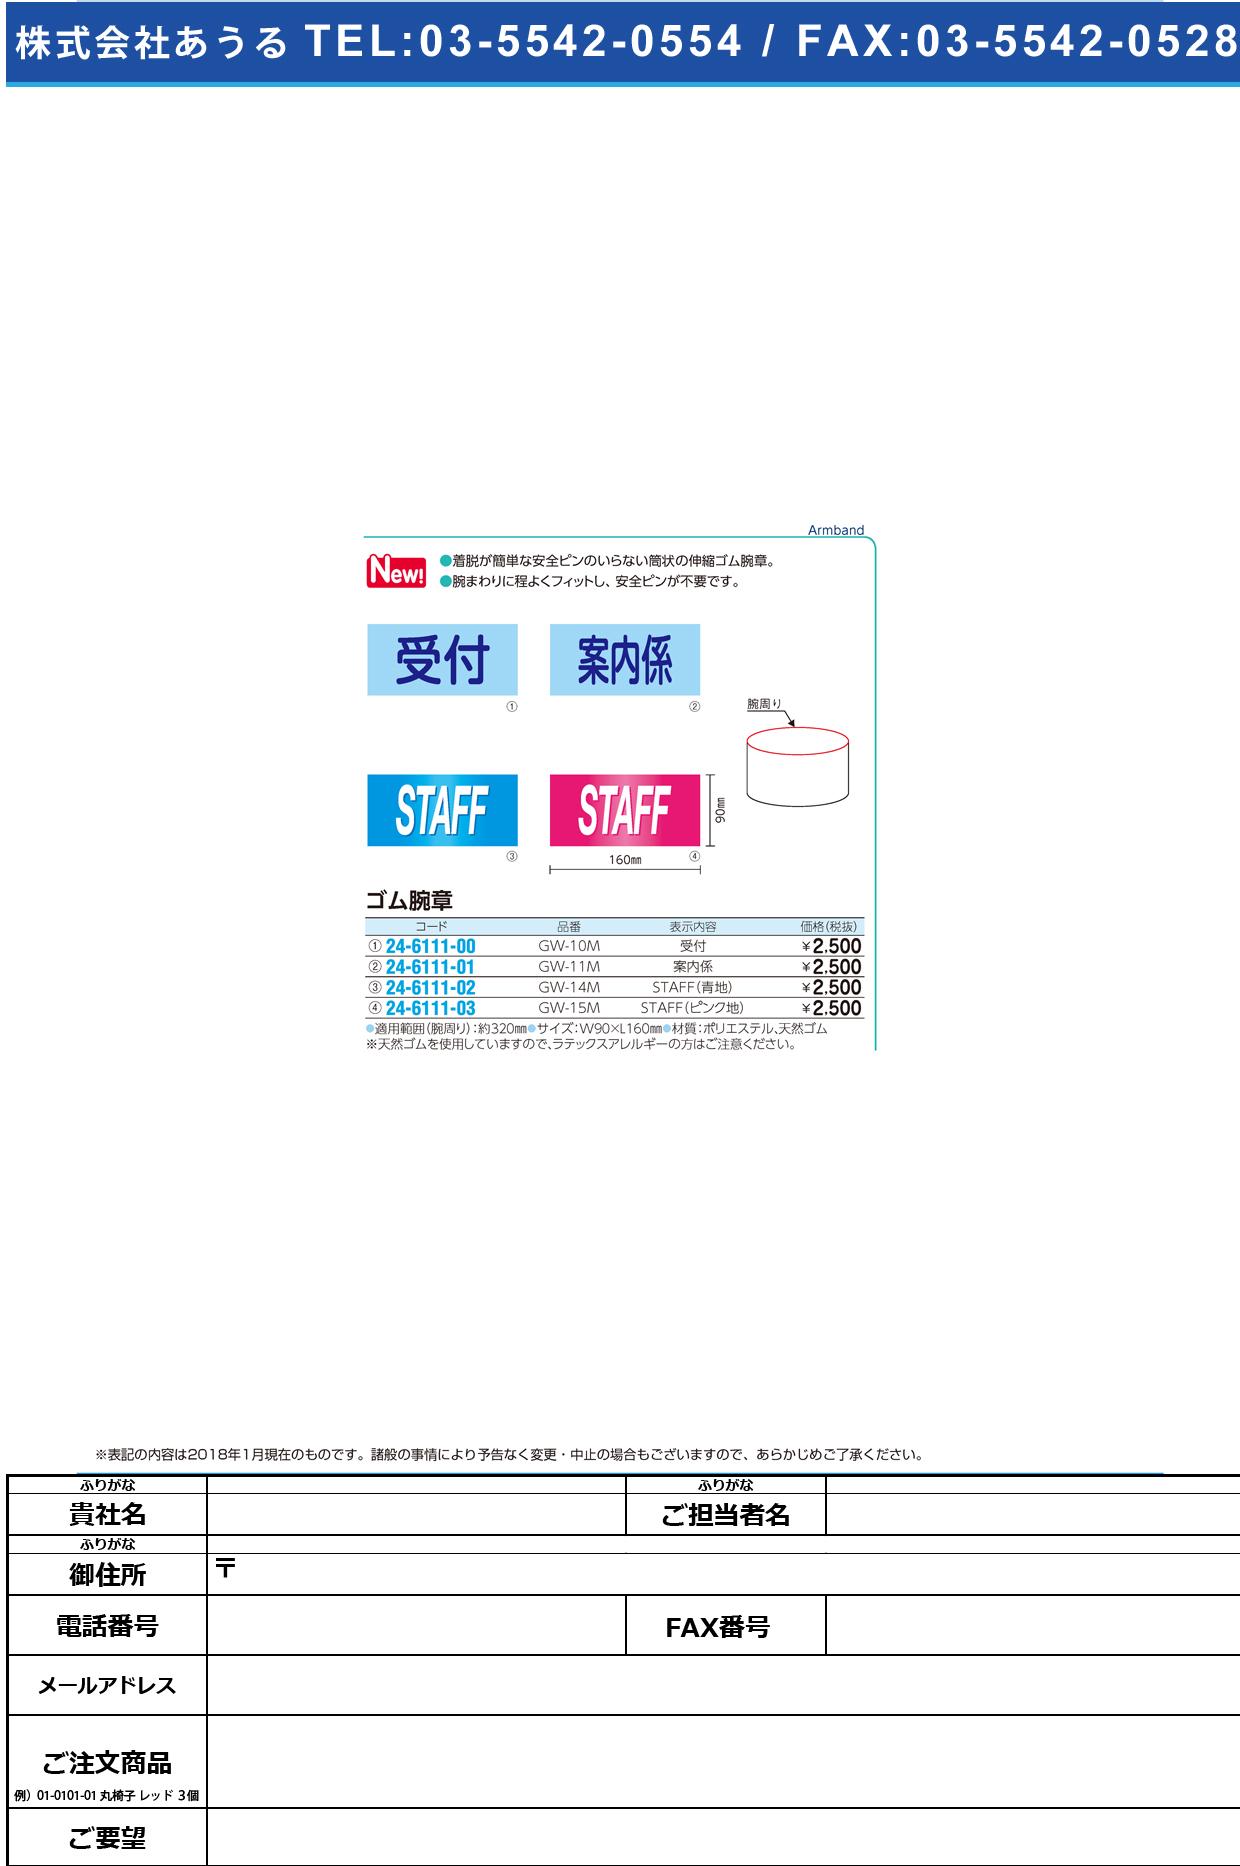 (24-6111-03)ゴム腕章(STAFF・ピンク地) GW-15M(90X160MM) ゴムワンショウ(STAFFピンクジ【1個単位】【2018年カタログ商品】
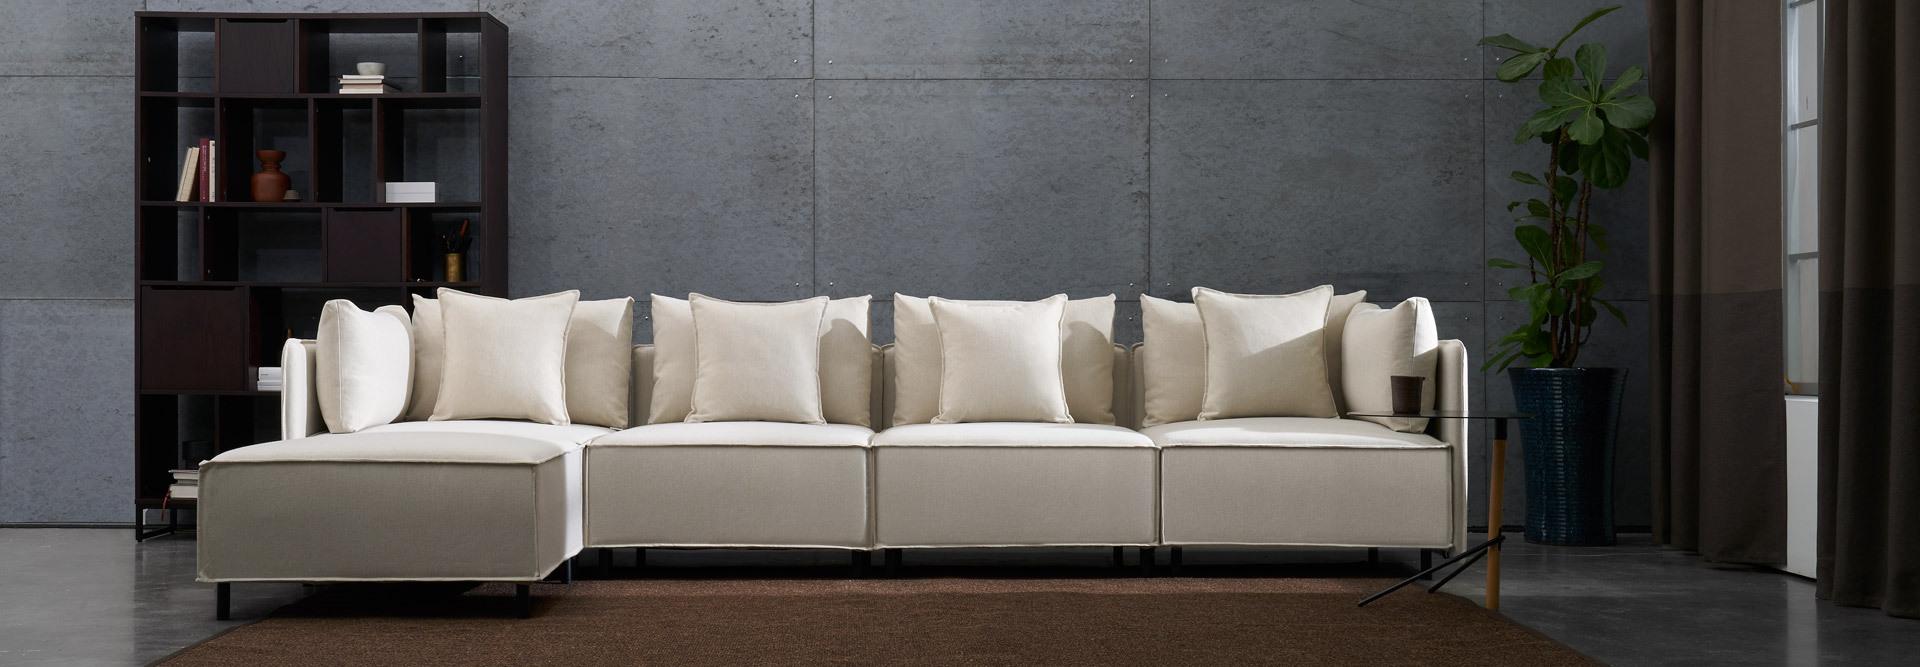 超宽大,极舒适,可拆洗的全尺寸沙发
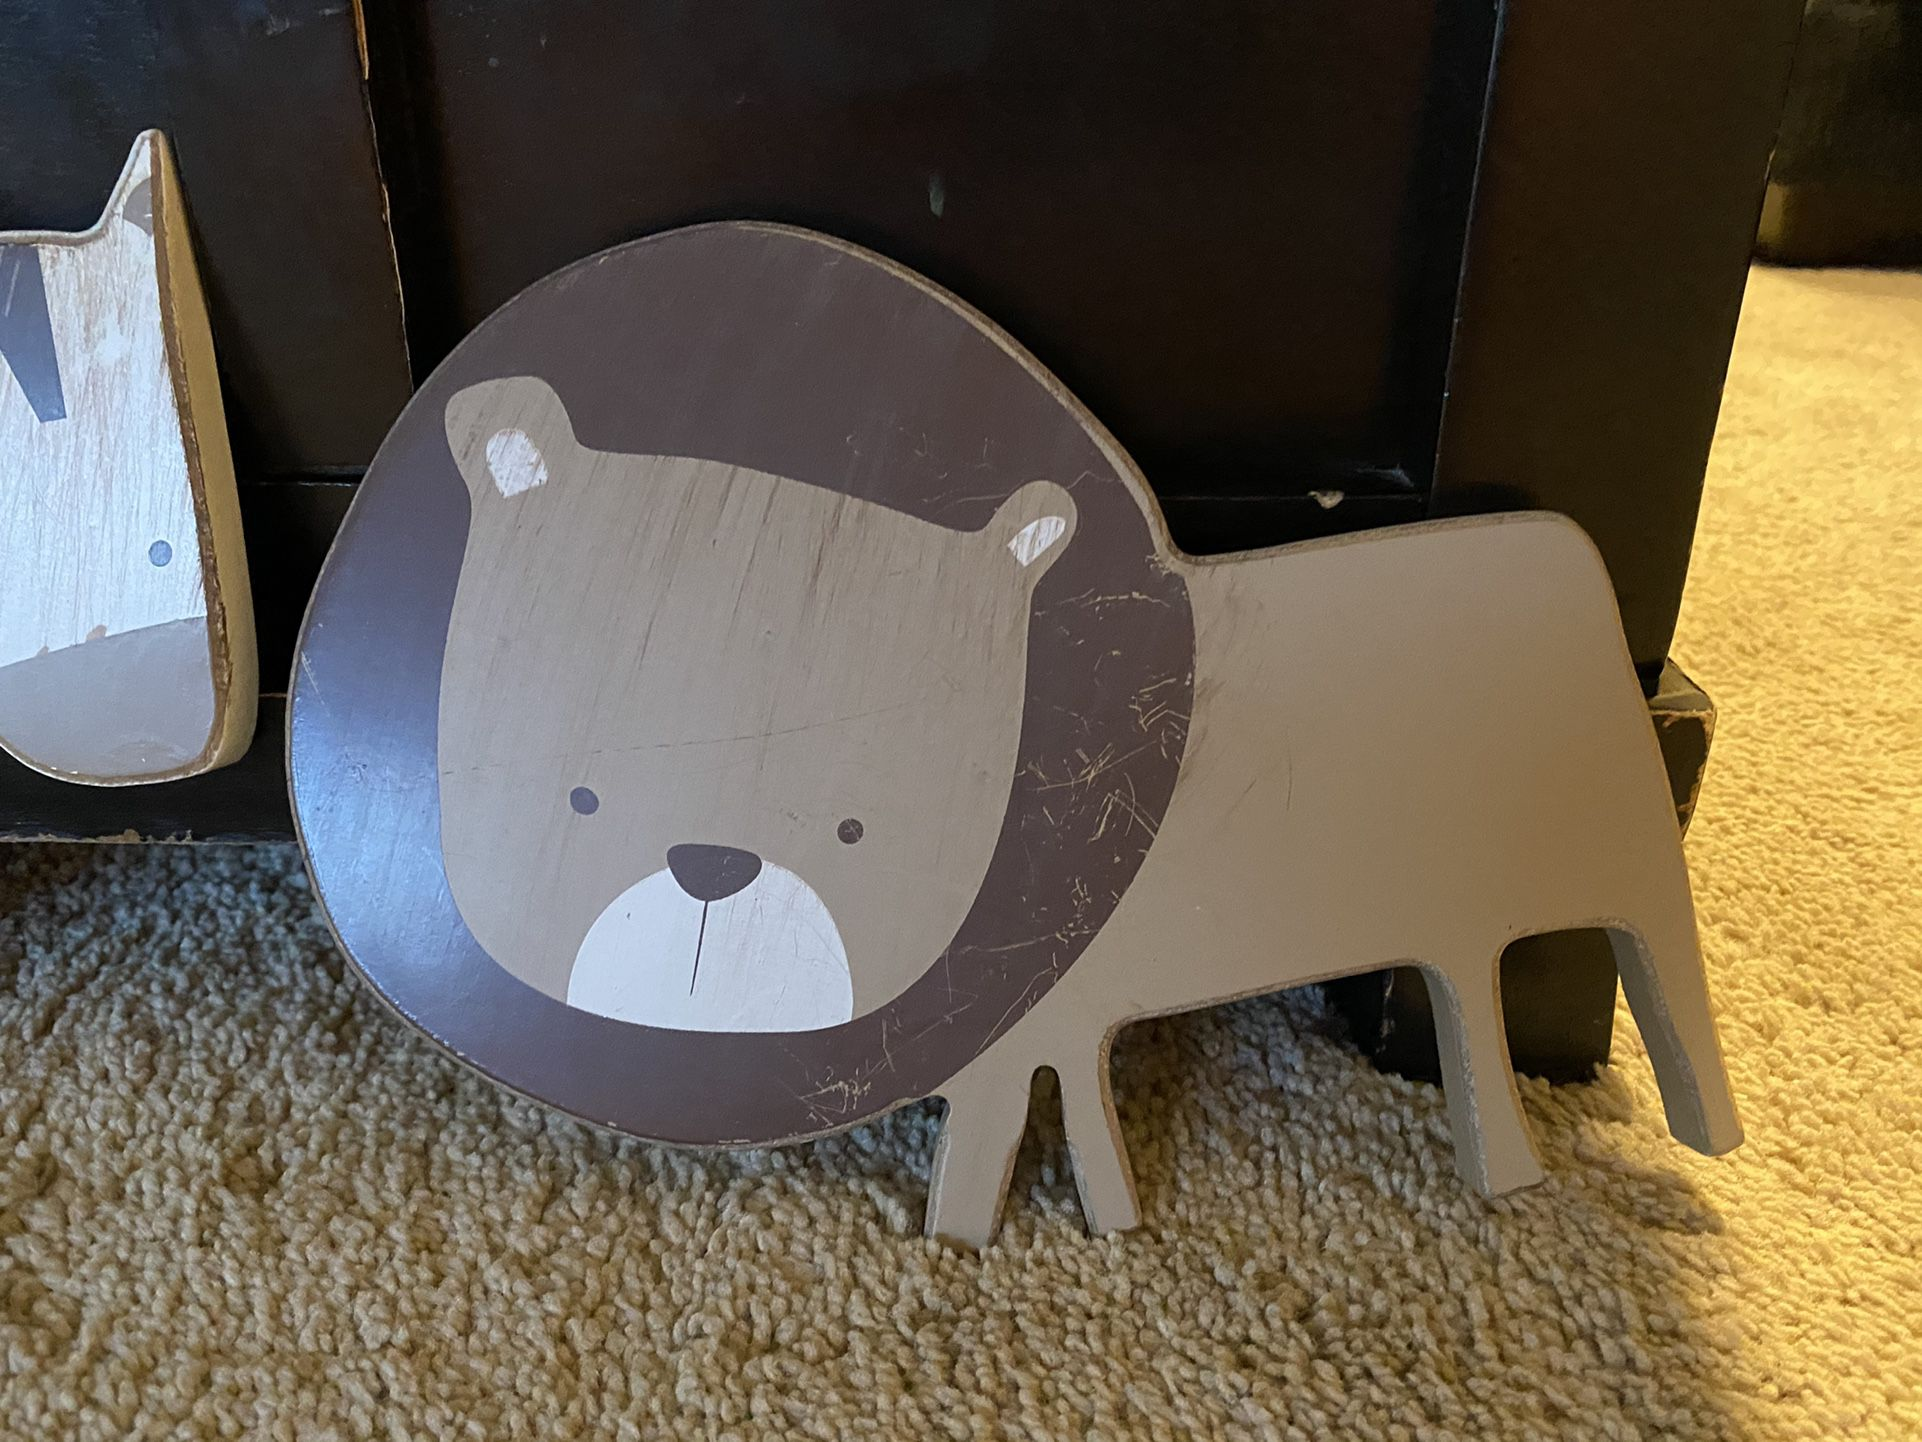 Kid / Baby Nursery Room Art

.....

- [Assigned task] Retype the data exactly; images stay out.

- [Task answer]
 (24-6111-03)ゴム腕章(STAFF・ピンク地) GW-15M(90X160MM) ゴムワンショウ(STAFFピンクジ【1個単位】【2018年カタログ商品】
 超宽大,极舒适,可拆洗的全尺寸沙发
 Kid / Baby Nursery Room Art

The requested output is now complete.